WASHINGTON — The outspoken part-owner of a NASCAR team that includes driver Juan Pablo Montoya wants Pope Benedict XVI to rethink his visit next week to the communist island of Cuba.
Felix Sabates, who fled Cuba 53 years ago and has become one of the United States' most successful sports entrepreneurs, is so concerned that the Castro regime is using the pope to legitimize its oppressive rule that, Sabates says, he's rethinking his philanthropy work for the Roman Catholic Church.
"If the leader is doing that, I'm not so sure that I need to support the church like I used to support it. And I'm serious about that. I am more than pissed off," said Sabates, who's 69. "As long as there is a Castro in power, whether it's Fidel or Raul, it's going to be the same thing."
Pope Benedict is traveling to Cuba for a three-day visit to celebrate the 400th anniversary of the appearance of the Virgin of Charity of Cobre, the patron of Cuba.
Sabates, a minority owner of Earnhardt-Ganassi Racing in North Carolina and former investor of the NBA Charlotte Hornets and Bobcats, once received a special blessing in writing from the late Pope John Paul II.

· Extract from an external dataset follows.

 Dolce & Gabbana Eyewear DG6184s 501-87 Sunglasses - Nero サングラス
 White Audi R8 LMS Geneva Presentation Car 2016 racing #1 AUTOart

Sabates has donated generously to Catholic causes. He won't say how much he's given, but a dining hall at Belmont Abbey College outside Charlotte, N.C., is named after him. He's donated to the Catholic high school where his children and grandchildren have attended. He continues to give annually to St. Vincent de Paul Church in Charlotte.
Sabates' concerns about the pope's visit align with those of many activists and Cuban exiles who think the pontiff's trip will promote communism and do little or nothing to improve human rights. Some 750 activists sent a letter to Pope Benedict this month warning that his visit "would be like sending a message to the oppressors that they can continue to do whatever they want, that the church will allow it."

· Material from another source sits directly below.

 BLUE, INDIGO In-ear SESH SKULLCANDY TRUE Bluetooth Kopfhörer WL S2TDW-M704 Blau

The Catholic Church said the pope's mission wasn't political but to spread the gospel of salvation. David Hains, a spokesman for the Catholic Diocese of Charlotte, said Sabates had the right to use his money in the best way he chose.

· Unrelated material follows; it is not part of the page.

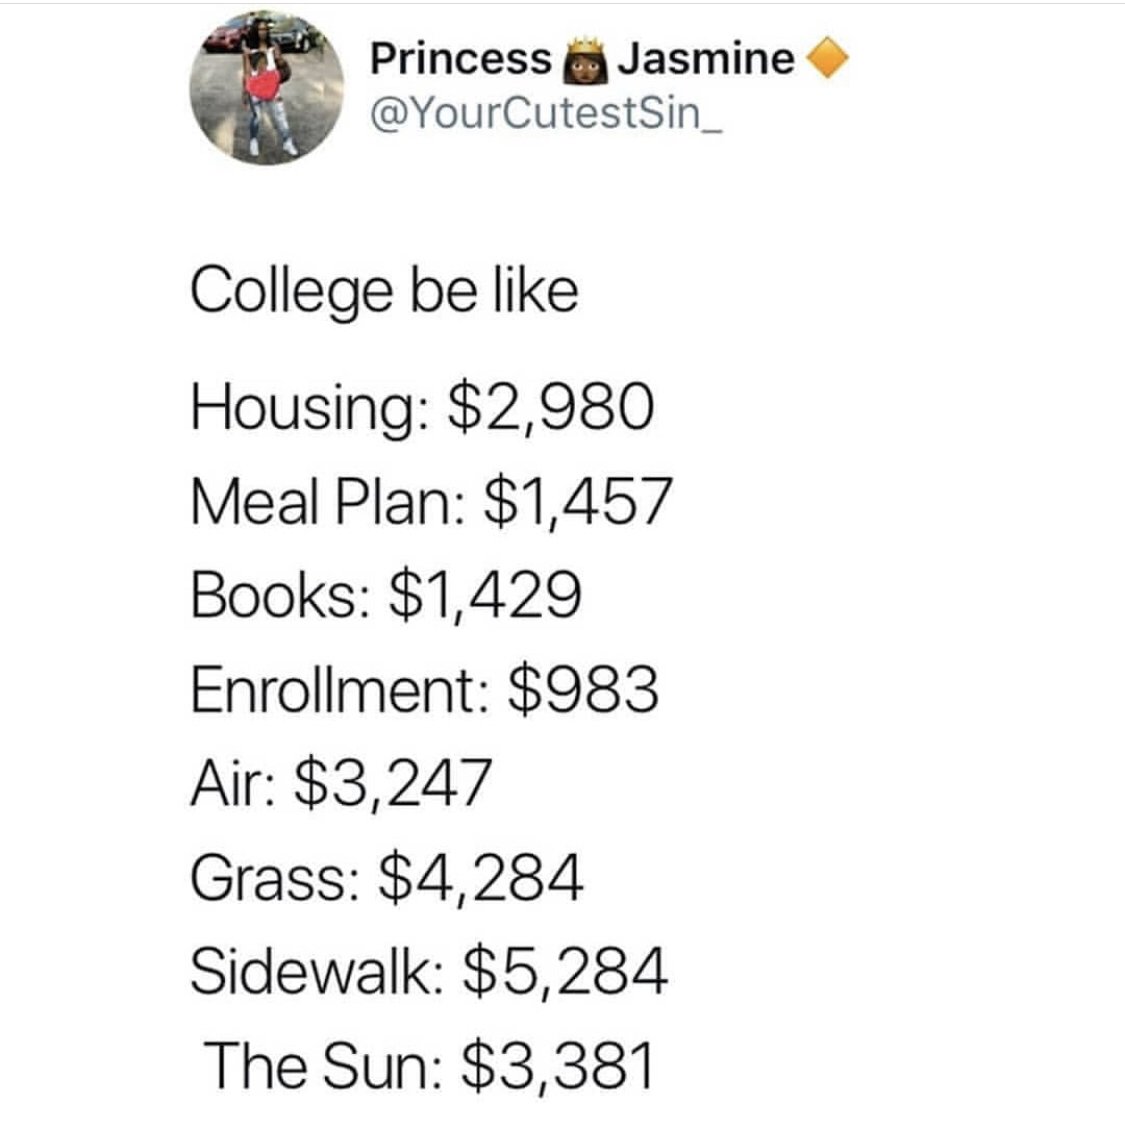 animal - Princess Jasmine College be Housing $2,980 Meal Plan $1,457 Books $1,429 Enrollment $983 Air $3,247 Grass $4,284 Sidewalk $5,284 The Sun $3,381

The principal of Charlotte Catholic High School, Gerald Healy, said he understood Sabates' frustrations.
"You hope that the visit will break some of the tension there, but you just don't know," Healy said. "Or if that situation is being used for publicity by Cuba, or to promote whatever they're doing. Or, hopefully, they will use it to open up doors."
The same concerns were raised in 1998. The opposition to John Paul's visit was so great that it led to the cancellation of plans to sail a cruise ship full of Cuban-Americans to the island.
After Castro's more than 50 years in power, these concerns about the government gaining validity no longer make sense, said Louis Perez, a professor of history and an expert on Cuba at the University of North Carolina-Chapel Hill.
"The Vatican does not have the capacity to legitimize this government," Perez said. "This government is already there by its own internal logic, its own credibility or by force or by however one wants to define it. The Catholic Church has become a partner to the Cuban government. That's a fact."
The Cuban Catholic Church continues to suffer from a lack of priests, and Cardinal Jaime Ortega has been criticized for not taking a harder stance against the government.
But the church has gained more space in society since John Paul visited the island. Since the Soviet Union collapsed, the church has stepped up its humanitarian aid, assisting vulnerable populations most affected from the loss of Soviet subsidies.
Since Raul Castro took over the government in 2006, the church has continued to gain prominence. It's built a new seminary and started an MBA program. In 2010, Ortega helped broker the release of 52 political prisoners.
The pope's visit shouldn't misinterpreted as any sign of endorsement, said Philip Peters, a Cuba analyst at the Lexington Institute, a Arlington, Va., research center.
"Cuba and the Vatican have diplomatic relations," he said. "The fact they have diplomatic relations doesn't mean they approve of what each is doing any more than the United States approves of China and its form of government because we have an embassy there."
Sabates fled to the United States at the age of 16 with $25 in his pocket and two boxes of cigars.
A rebellious teenager, he'd taken up with the anti-Castro movement. His father sent him to live with family in the United States to protect him. The rest of his family followed a few years later. Sabates said the family thought Castro would last only a couple years.
Sabates first moved to Boston, but later went to North Carolina, where the Catholic Church had helped his mother, brothers and sisters relocate.
Sabates later got into sales and worked his way up by building a business empire that involved electronic equipment, yachts and sports teams.
From the 1980s until 2000, he was the owner of NASCAR's Team SABCO Racing, whose drivers included Kyle Petty. He's now a part owner of Earnhardt-Ganassi Racing. In addition to Montoya, Jamie McMurray drives for that team.
Sabates said this week that he understood the church's objectives in Cuba, but he criticized Pope Benedict for not responding to activists' requests to meet with political prisoners. And he questioned why more than a dozen political activists were arrested last Sunday, apparently at the request of the cardinal.
Sabates said the church could better serve the people's spiritual and humanitarian needs through the Catholic parishes that were spread across the country. The political ramifications are too great, he said.
"A picture of him with the pope, hugging the pope, would go a long way to convince a lot of the uneducated people who don't know any better to think that the pope is endorsing Castro," he said. "To me, that blows my mind. It's hard to comprehend."